START Material provided

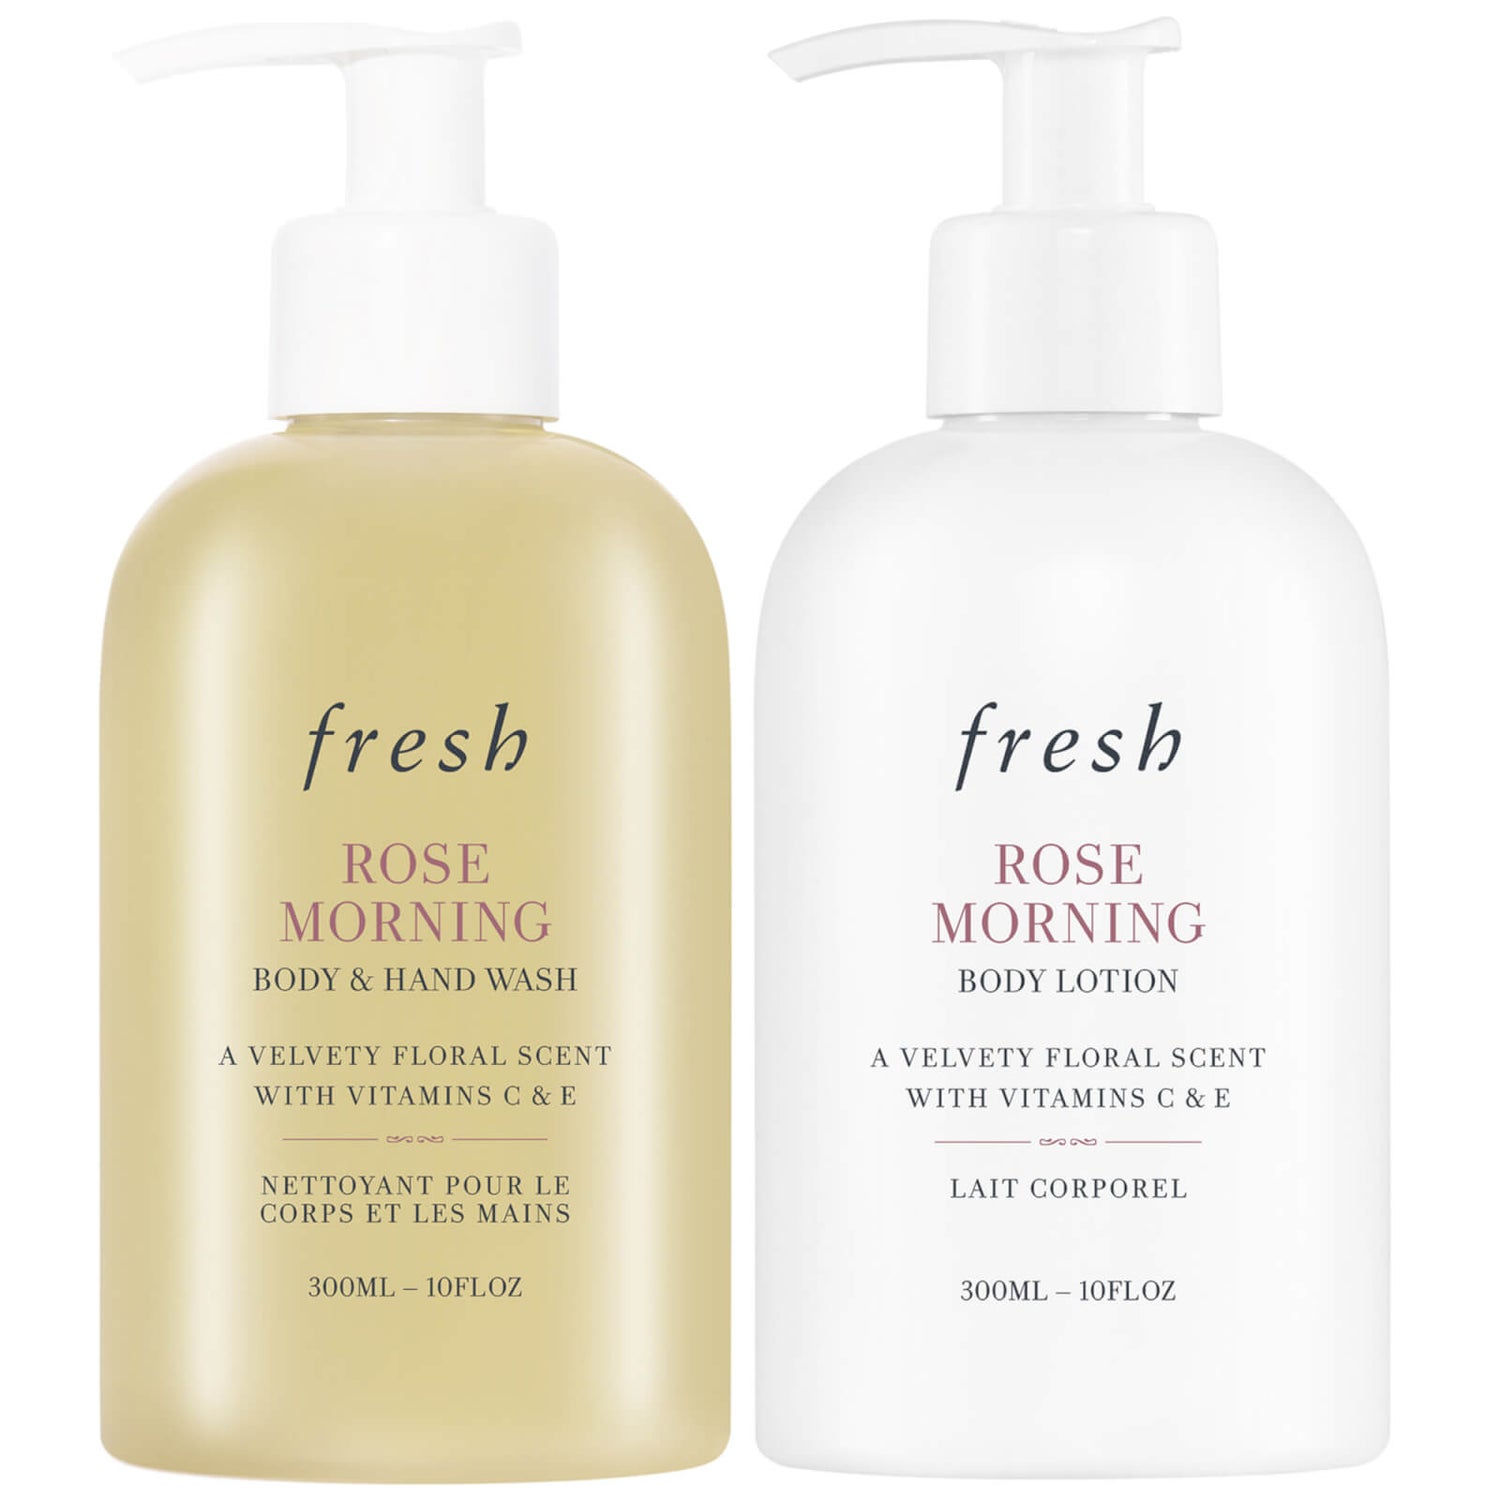 Fresh Rose Morning Body Lotion and Body and Hand Wash 300ml Duo (Worth £51.00)
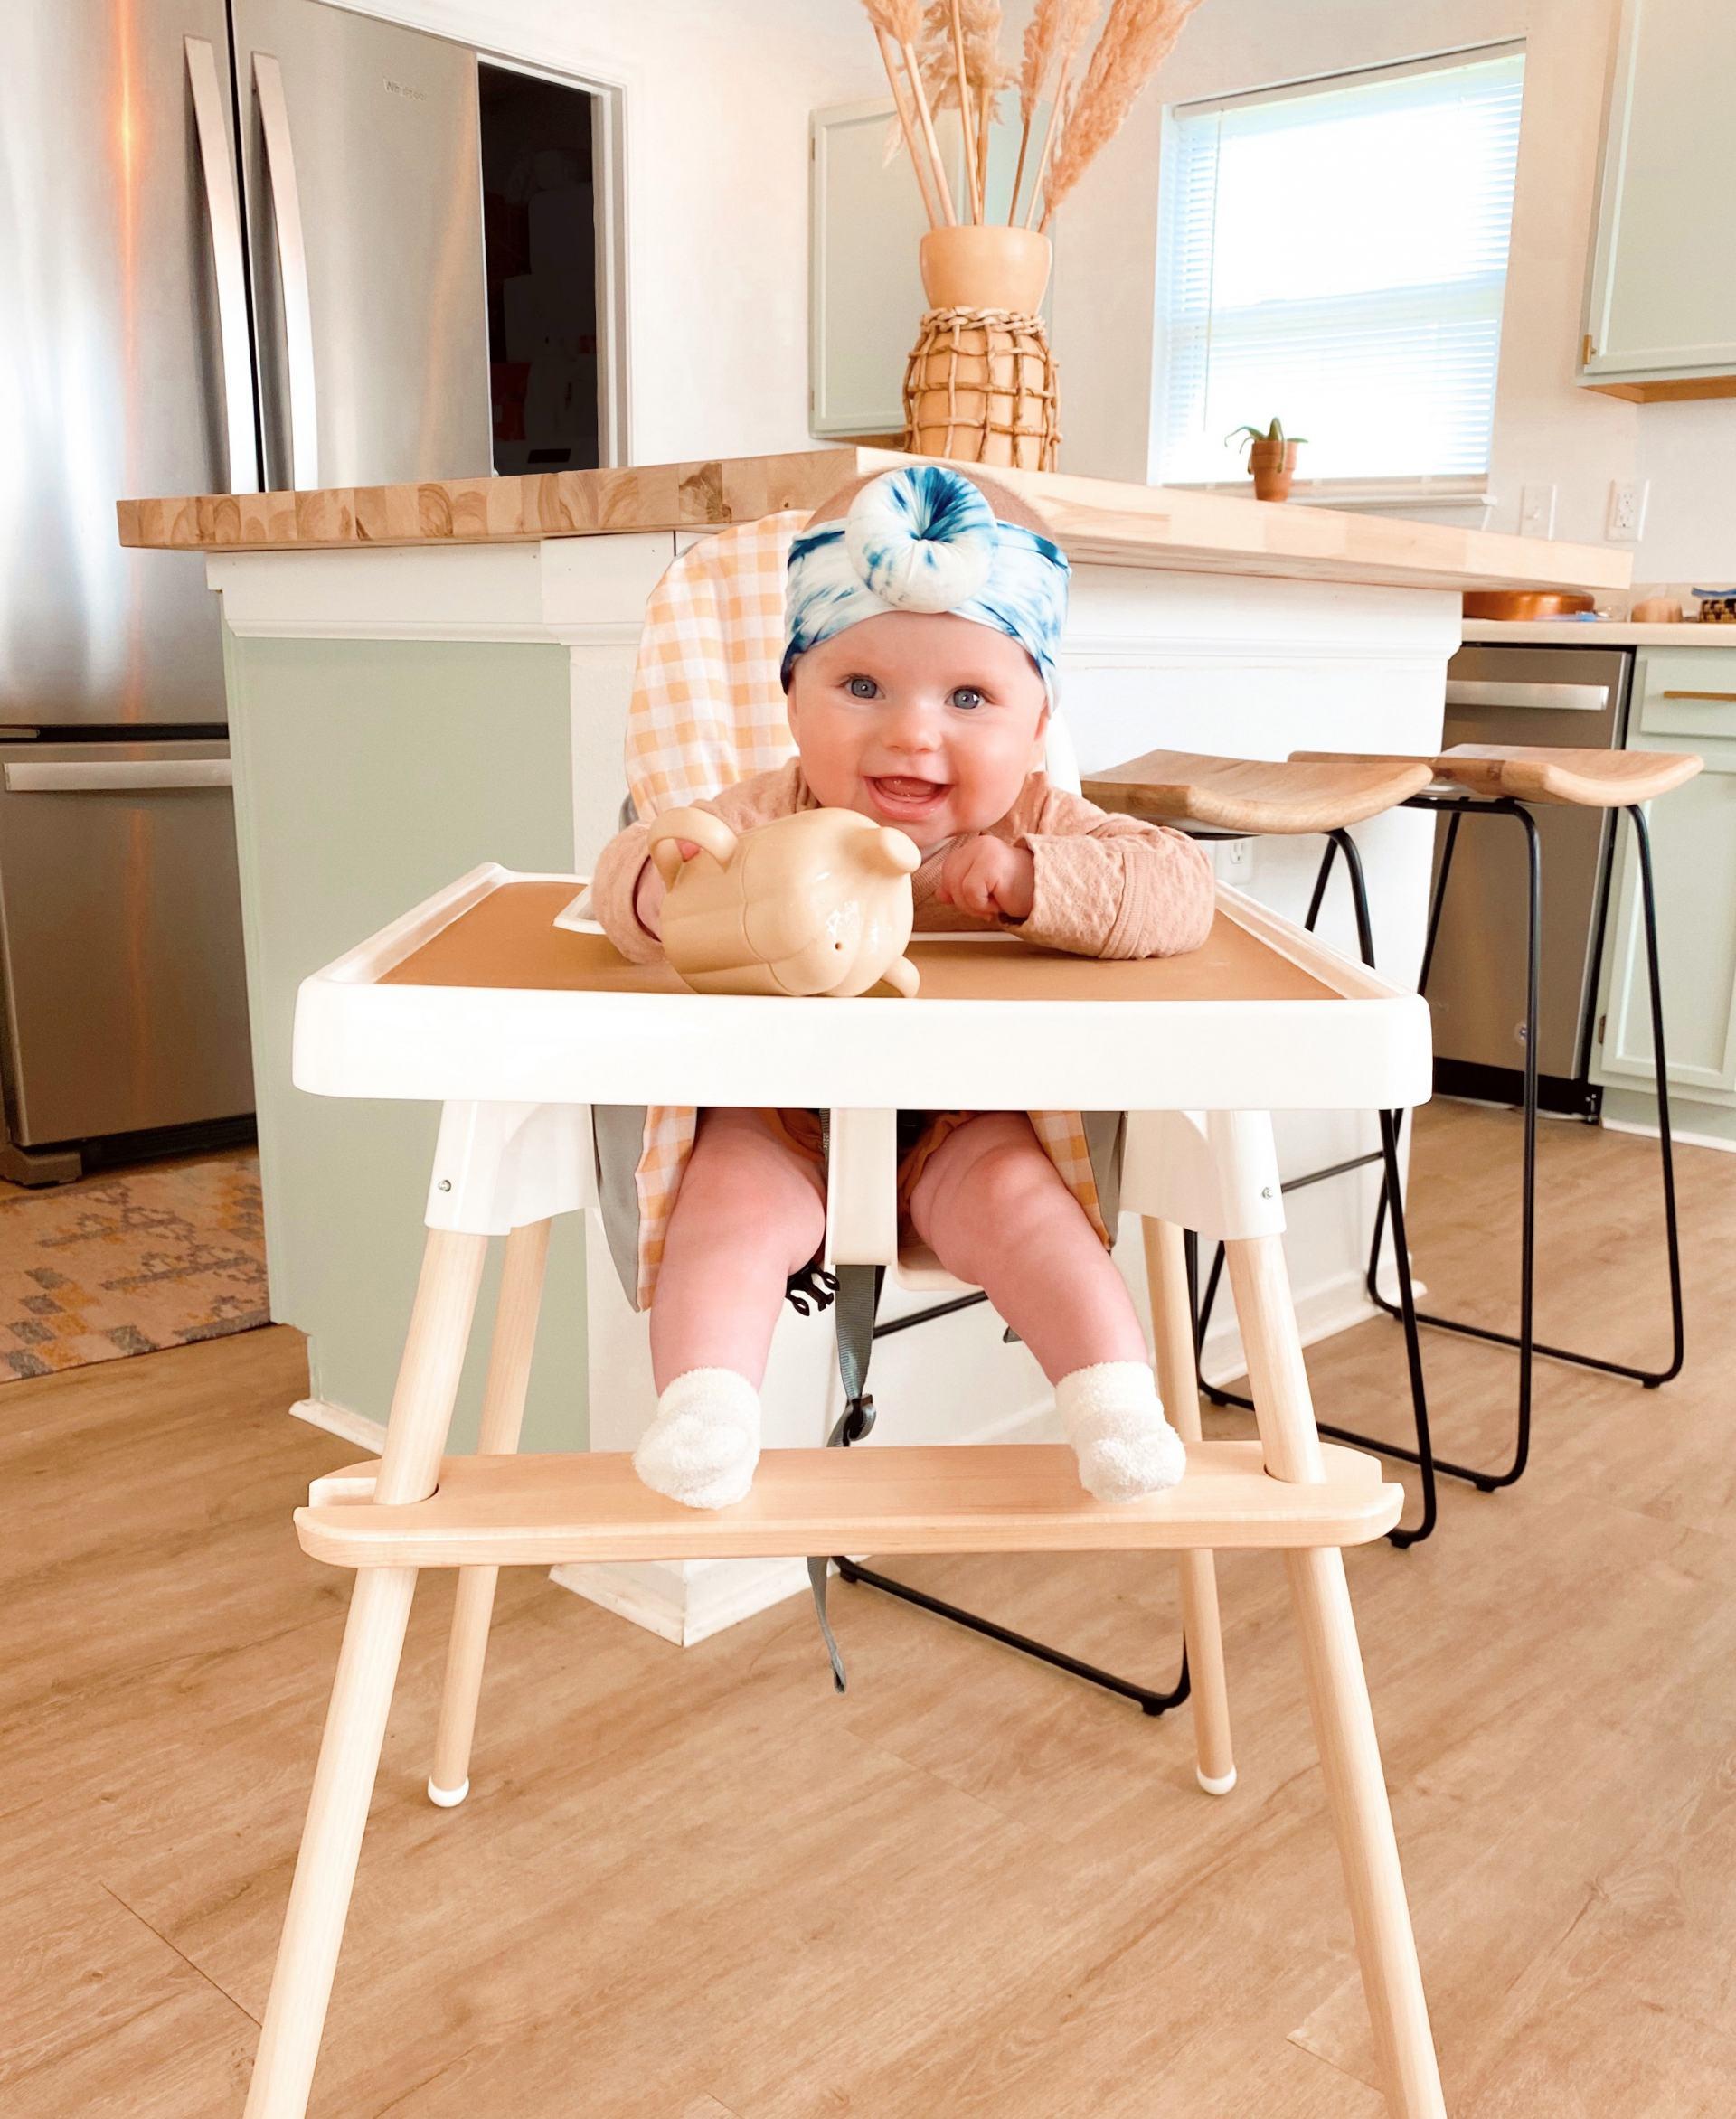 Why I Chose The Ikea Antilop High Chair With Yeah Baby Goods Accessories Abby Saylor Armbruster
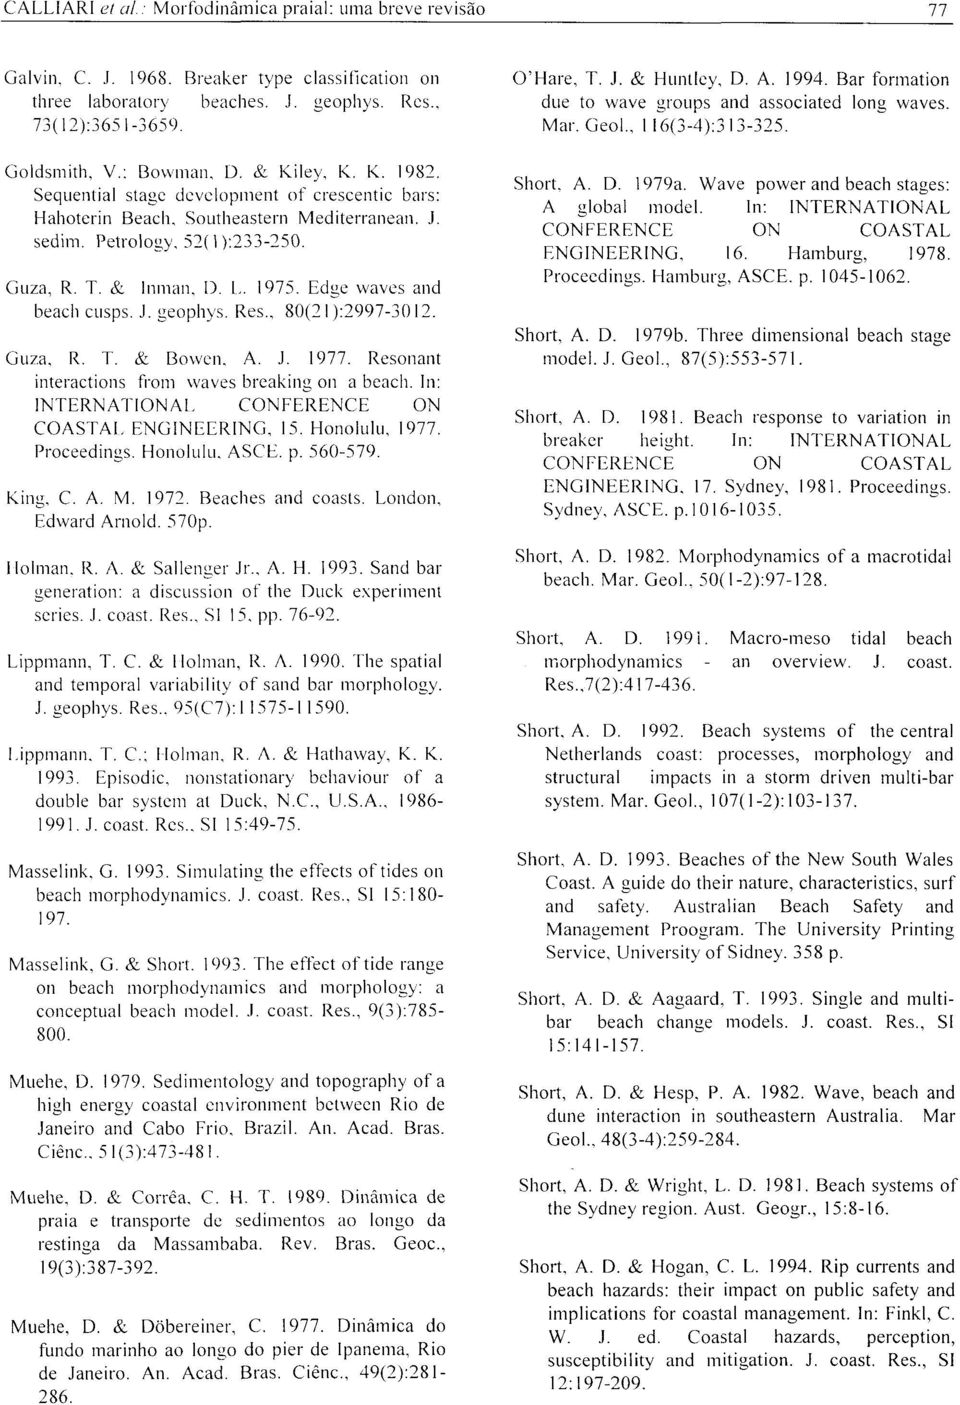 Res., 80(21):2997-3012. Guza, R. T. & Bowen. A. J. 1977. Resonant interactions from waves breaking on a beach. In: INTERNATIONAL CONFERENCE ON COASTAL ENGINEERING, 15. Honolulu, 1977. Proceedings.

END Material provided

A verbatim copy of the data, pictures removed, is the expected result.

 Fresh Rose Morning Body Lotion and Body and Hand Wash 300ml Duo (Worth £51.00)
 Why I Chose The Ikea Antilop High Chair With Yeah Baby Goods Accessories Abby Saylor Armbruster
 Res., 80(21):2997-3012. Guza, R. T. & Bowen. A. J. 1977. Resonant interactions from waves breaking on a beach. In: INTERNATIONAL CONFERENCE ON COASTAL ENGINEERING, 15. Honolulu, 1977. Proceedings.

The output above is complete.